(Records from a collection)
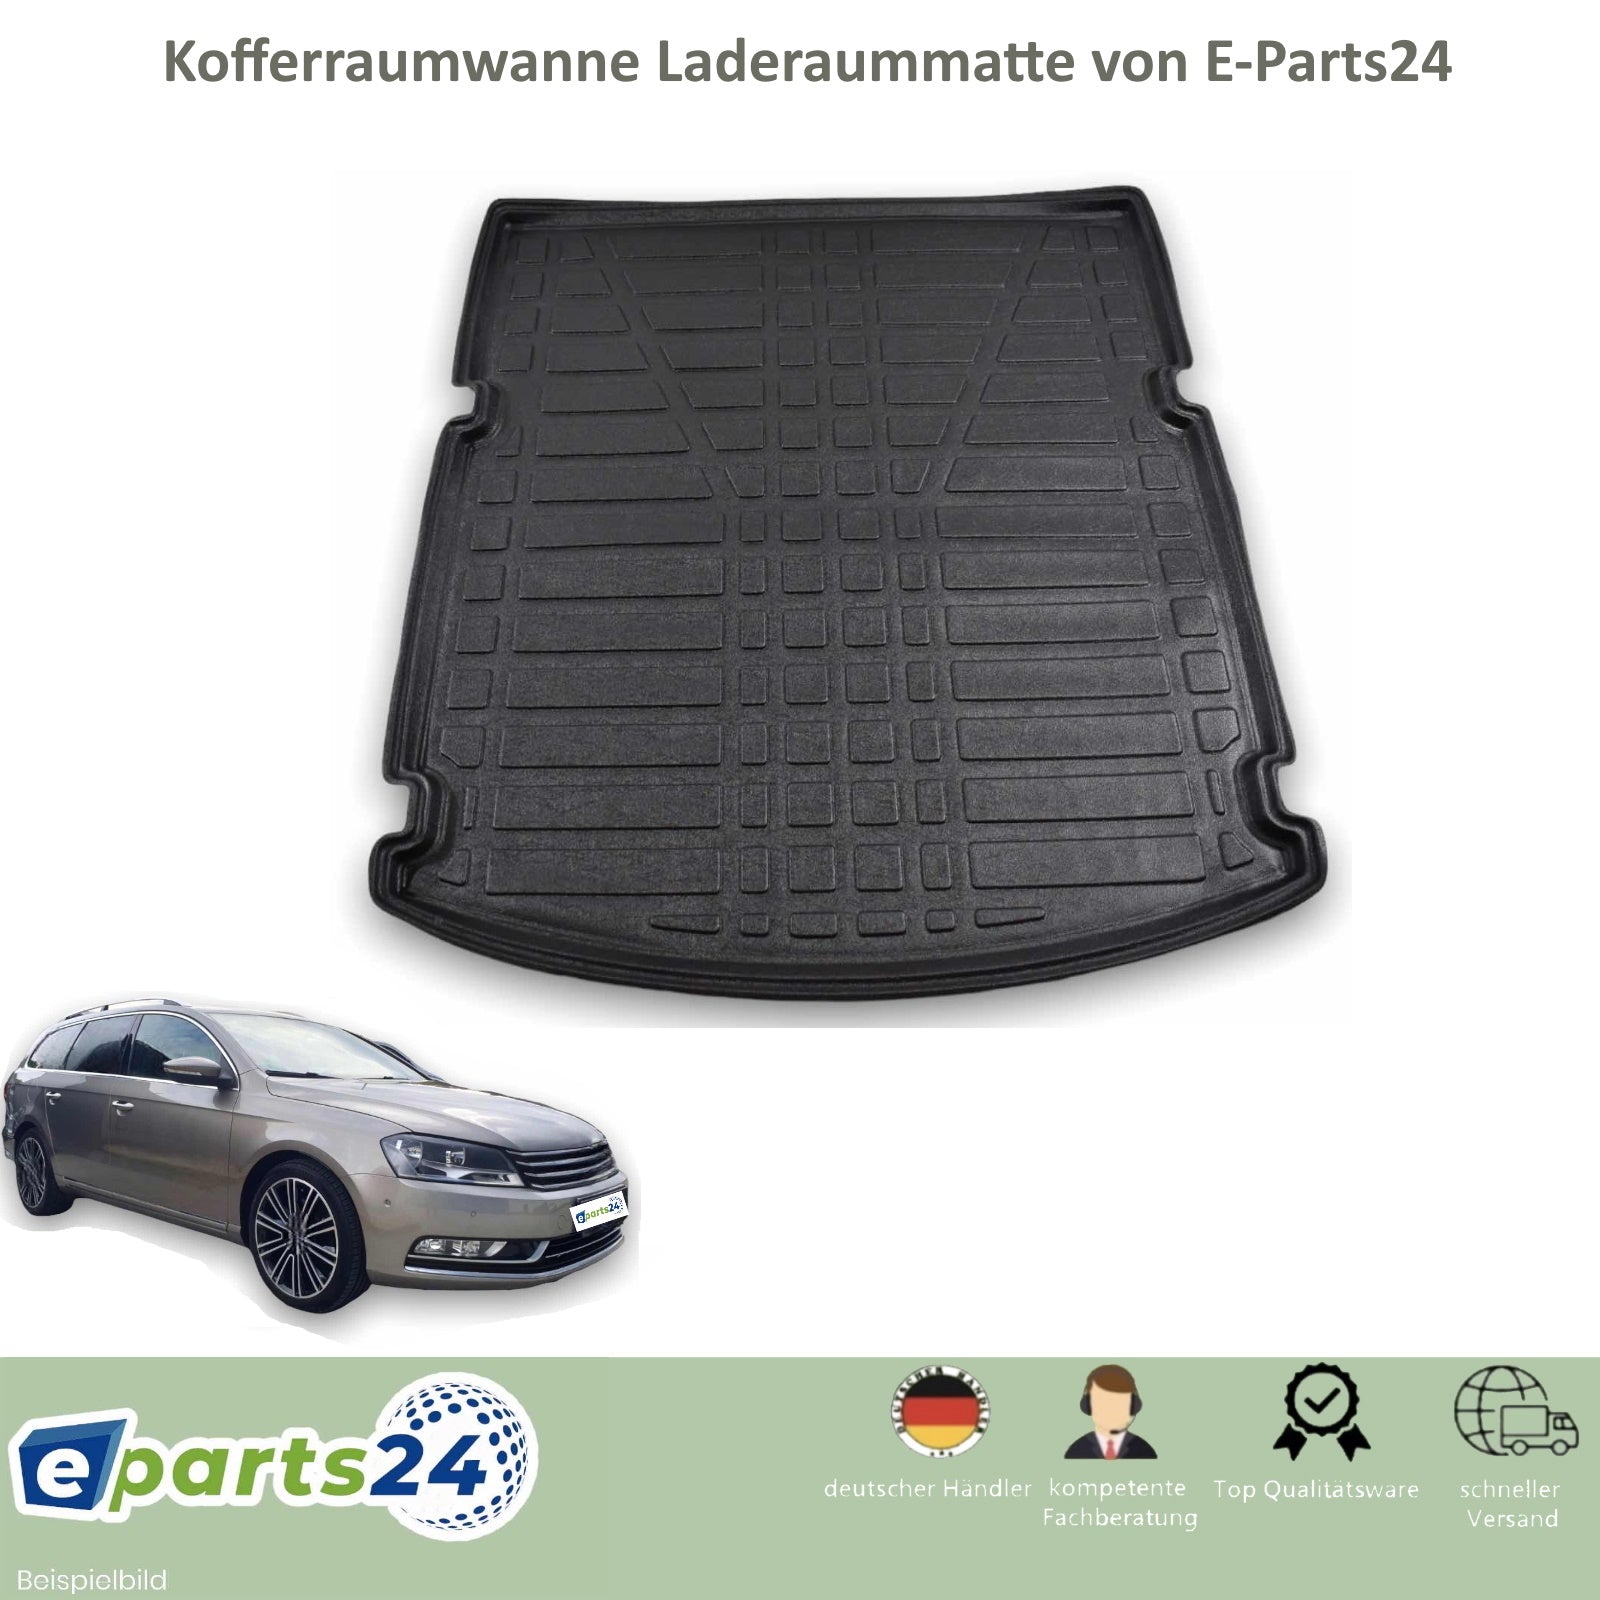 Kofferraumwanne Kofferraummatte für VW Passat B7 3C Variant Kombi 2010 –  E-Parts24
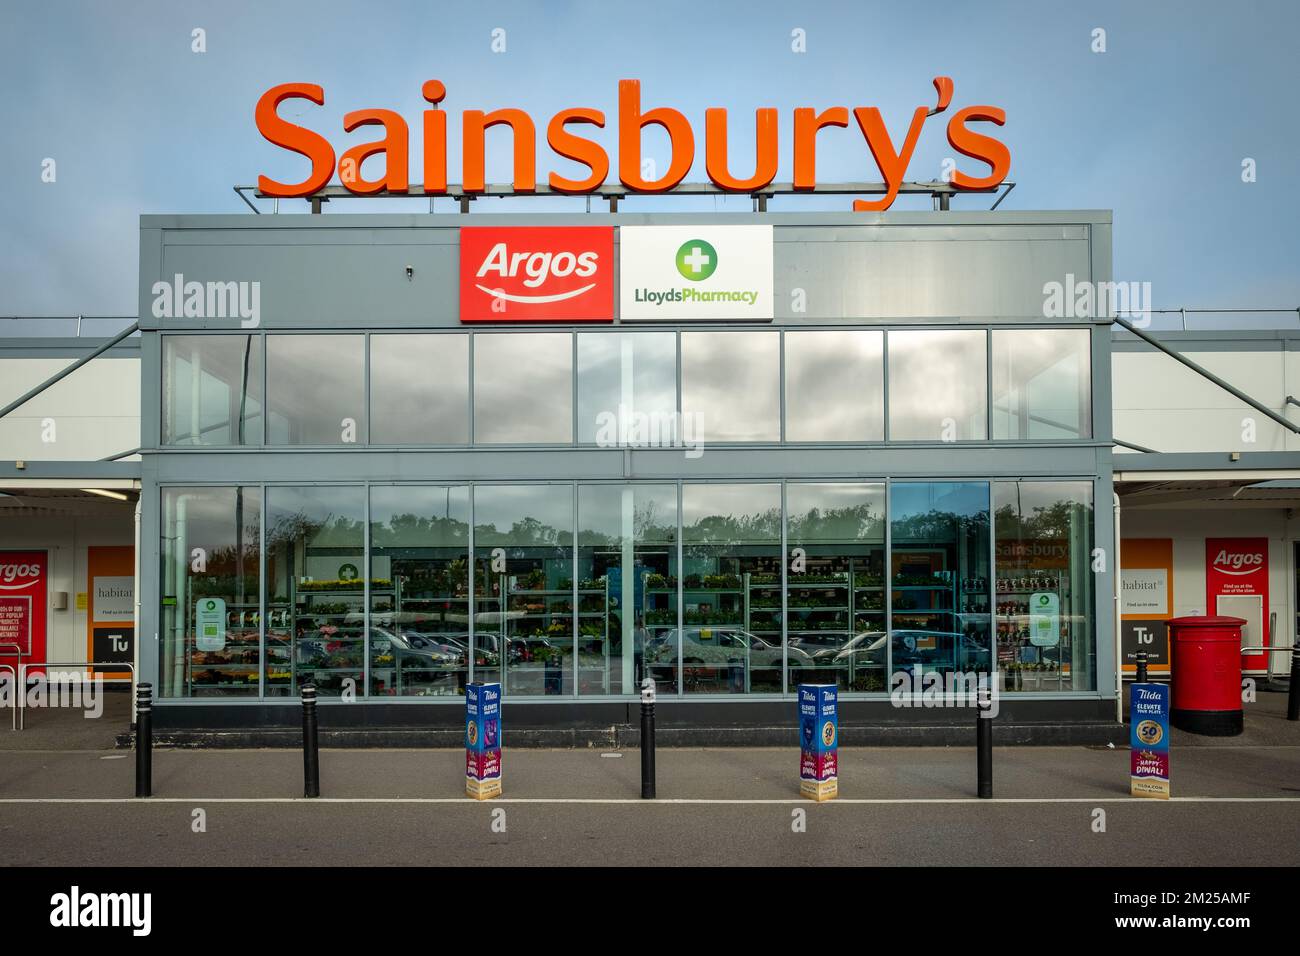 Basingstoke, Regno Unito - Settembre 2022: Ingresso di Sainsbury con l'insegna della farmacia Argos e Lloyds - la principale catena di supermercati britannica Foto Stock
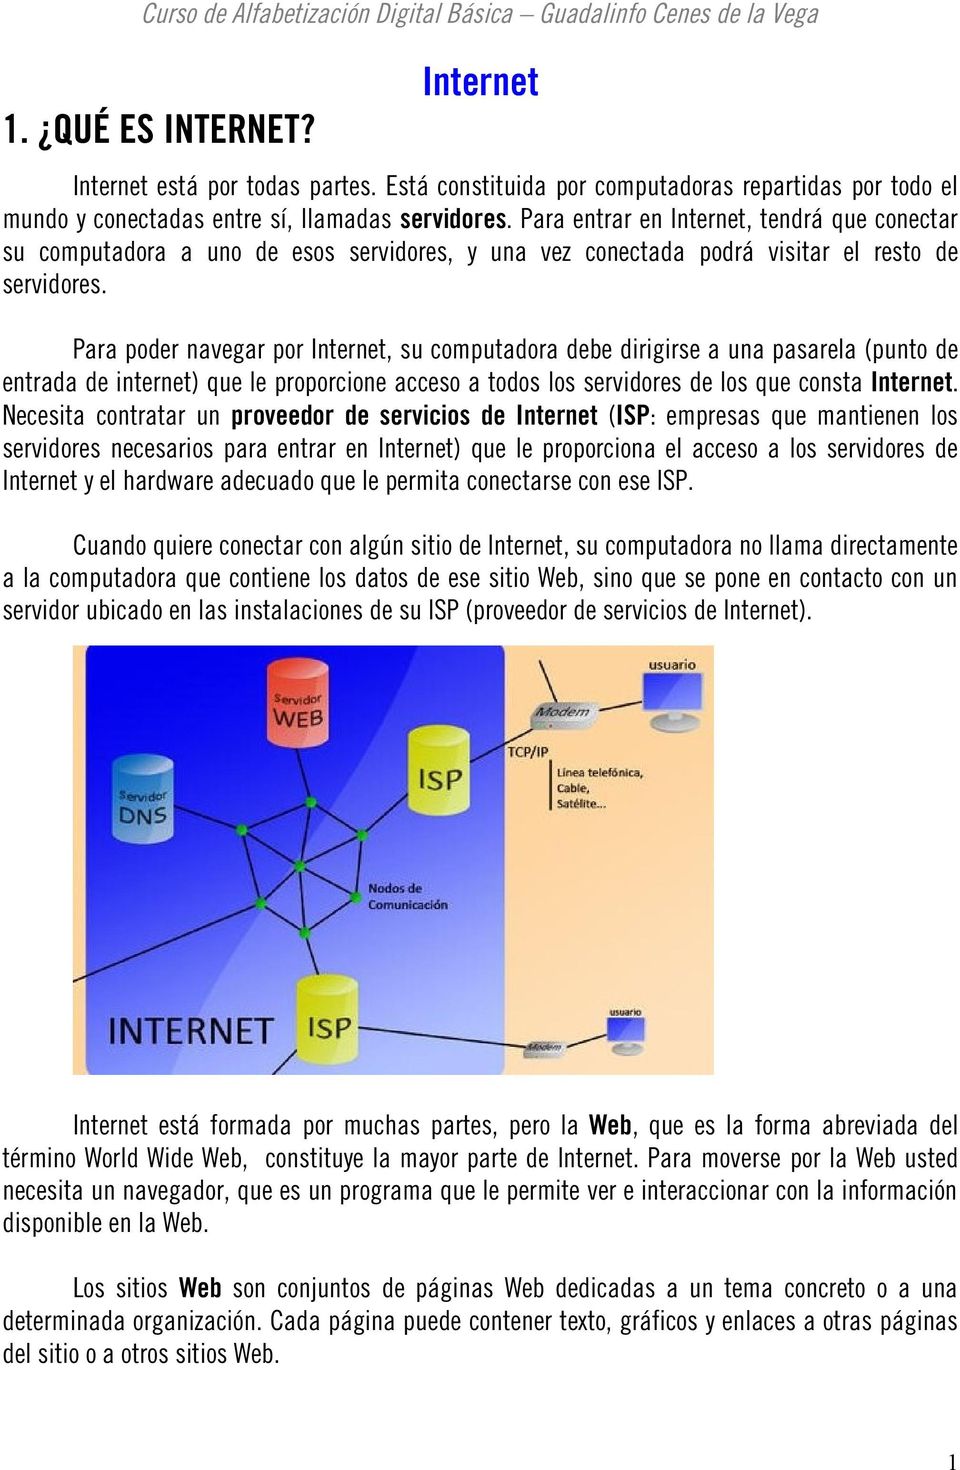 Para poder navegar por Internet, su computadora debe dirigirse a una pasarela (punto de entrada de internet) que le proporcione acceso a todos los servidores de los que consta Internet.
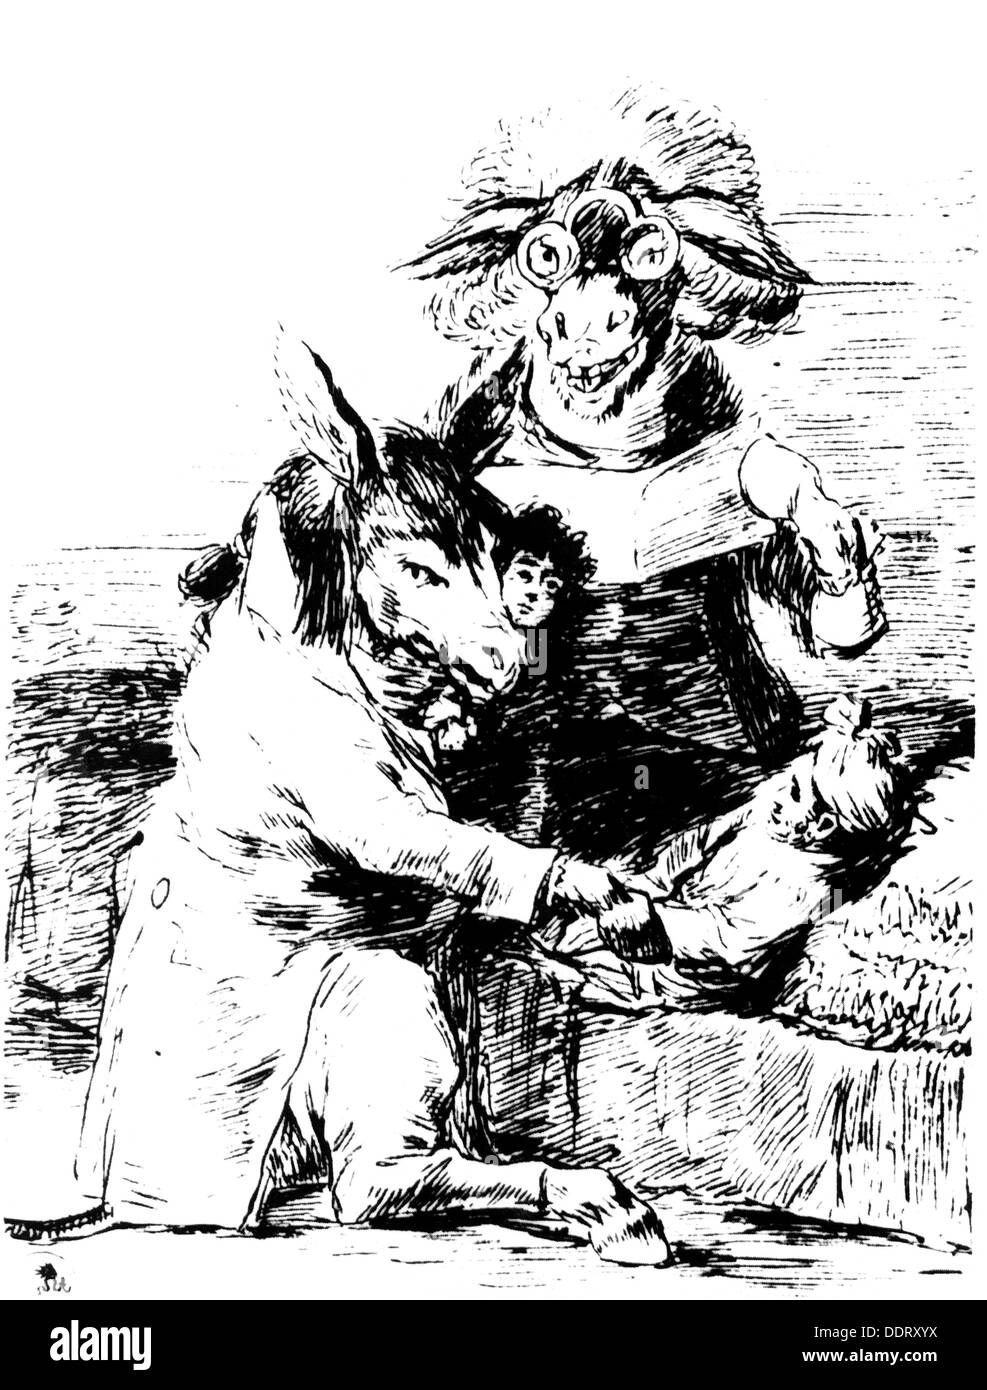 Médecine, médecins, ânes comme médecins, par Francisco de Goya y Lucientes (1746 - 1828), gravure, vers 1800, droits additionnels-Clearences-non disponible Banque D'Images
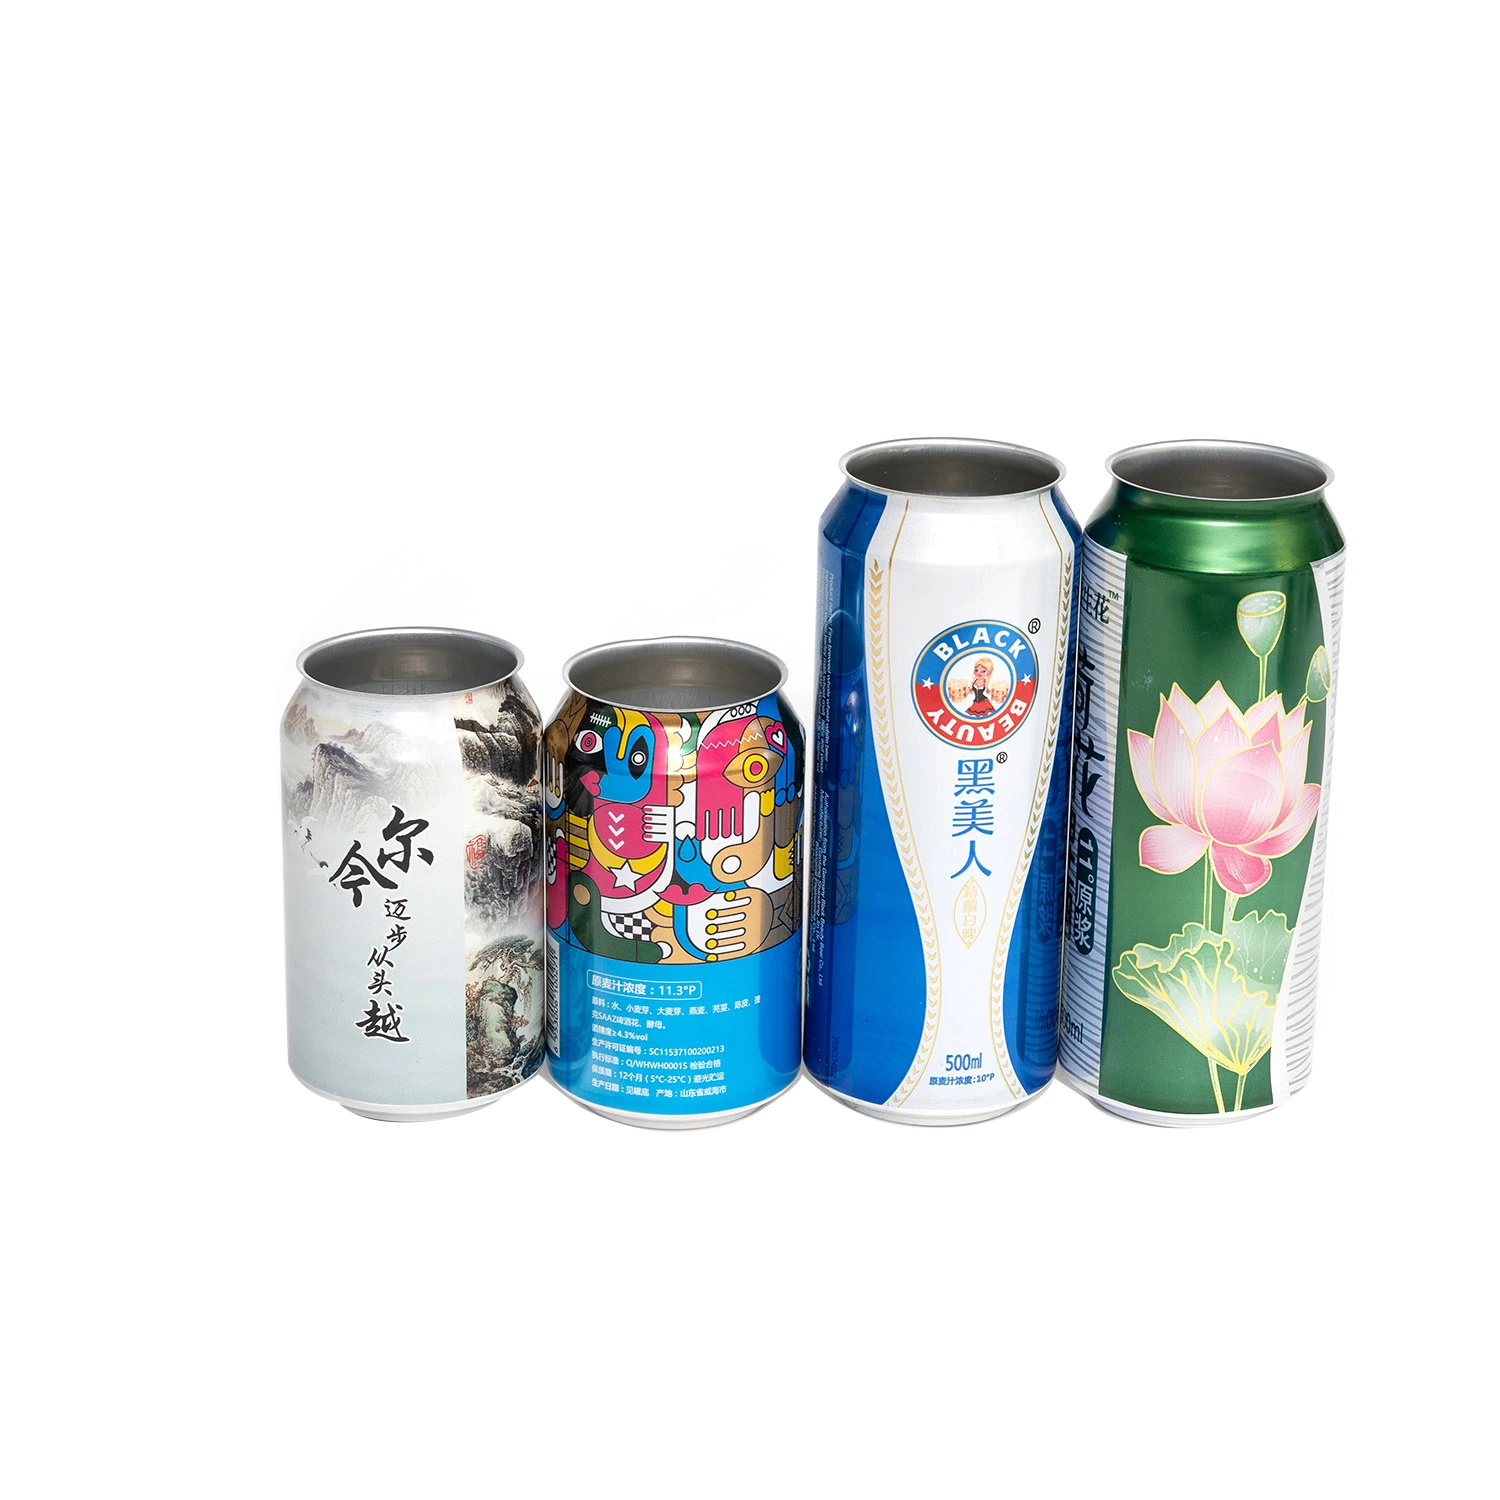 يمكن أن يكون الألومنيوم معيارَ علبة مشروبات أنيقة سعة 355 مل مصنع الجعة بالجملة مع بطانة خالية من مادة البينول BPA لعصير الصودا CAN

- _Work order_
The reply should hold the lines from the top of the records through the line containing "Médecine, médecins, ânes", reproduced exactly, and no pictures.

- _Answer below_
 Kofferraumwanne Kofferraummatte für VW Passat B7 3C Variant Kombi 2010 –  E-Parts24
 Basingstoke, Regno Unito - Settembre 2022: Ingresso di Sainsbury con l'insegna della farmacia Argos e Lloyds - la principale catena di supermercati britannica Foto Stock
 Para poder navegar por Internet, su computadora debe dirigirse a una pasarela (punto de entrada de internet) que le proporcione acceso a todos los servidores de los que consta Internet.
 Médecine, médecins, ânes comme médecins, par Francisco de Goya y Lucientes (1746 - 1828), gravure, vers 1800, droits additionnels-Clearences-non disponible Banque D'Images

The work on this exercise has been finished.